Metadata-Version: 1.1
Name: randmag
Version: 1.2.0
Summary: Construct artifical MAGs from complete genomes according to distribution
Home-page: https://bitbucket.org/EricHugo/randmag
Author: Eric Hugoson
Author-email: eric@hugoson.org
License: GNU General Public License v3 or later (G  PLv3+)
Description: ==============
        **randMAG**
        ==============
        
        - Eric Hugoson (eric@hugoson.org / hugoson@evolbio.mpg.de / @EricHugo)
        
        
        Introduction
        --------------
        With an ever increasing rate of sequencing comes challenges in analysing the data.
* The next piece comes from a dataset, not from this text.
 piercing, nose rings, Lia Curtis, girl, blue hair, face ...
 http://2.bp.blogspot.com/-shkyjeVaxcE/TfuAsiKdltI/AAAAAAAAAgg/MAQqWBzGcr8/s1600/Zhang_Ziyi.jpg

        In particular, single-amplified genomes and metagenome assembled genomes (SAGs & MAGs) may
        prove challenging due to their propensity to be incomplete or contaminated
        with contigs from other genomes. Many tools exist to tackle the challenges at
        various stages of the analysis, but none are perfect. In order to devise new
        tools methods for dealing with SAGs and MAGs the ability to simulate such data
        sets is paramount.
        
        randMAG is a slim software aimed at producing artificial MAGs or SAGs from existent
        complete genomes. randMAG produces randomised MAGs based on whole genomes provided, a
        distribution of contig lengths given, as well as desired completeness- and
        contamination levels.
        
        Packaged with randMAG is a file containing the lengths of 192243 contigs of 2284
        bacterial MAGs [1] from the Tara Oceans metagenomic survey.
        
        #. [TullyEtAl_2018]_
        
        Dependencies
        --------------
        Python (>=3.6)
        
        Python libraries
        ^^^^^^^^^^^^^^^^^^^
        If built from the PyPI package these will be installed automatically, otherwise can
        easily be installed using ``pip`` (`Install pip <https://pip.pypa.io/en/stable/installing/>`_).
        
        Required
        """"""""""""""""""
        - Biopython (>= 1.70)
        - Numpy (>= 1.13.1)
        - Matplotlib (>= 2.0.2)
        - SciPy (>= 1.1.0)
        - seaborn (>= 0.9.0)
        - pandas (>= 0.23.4)
        
        Positional arguments
        ^^^^^^^^^^^^^^^^^^^^^^^
        ::
        
            genome_tab            Genomes in .fna in list format
            distribution          Set of lengths to base the distribution on
        
        ``genome_tab`` should be a simple file with a list of genomes (nucleotide fasta files)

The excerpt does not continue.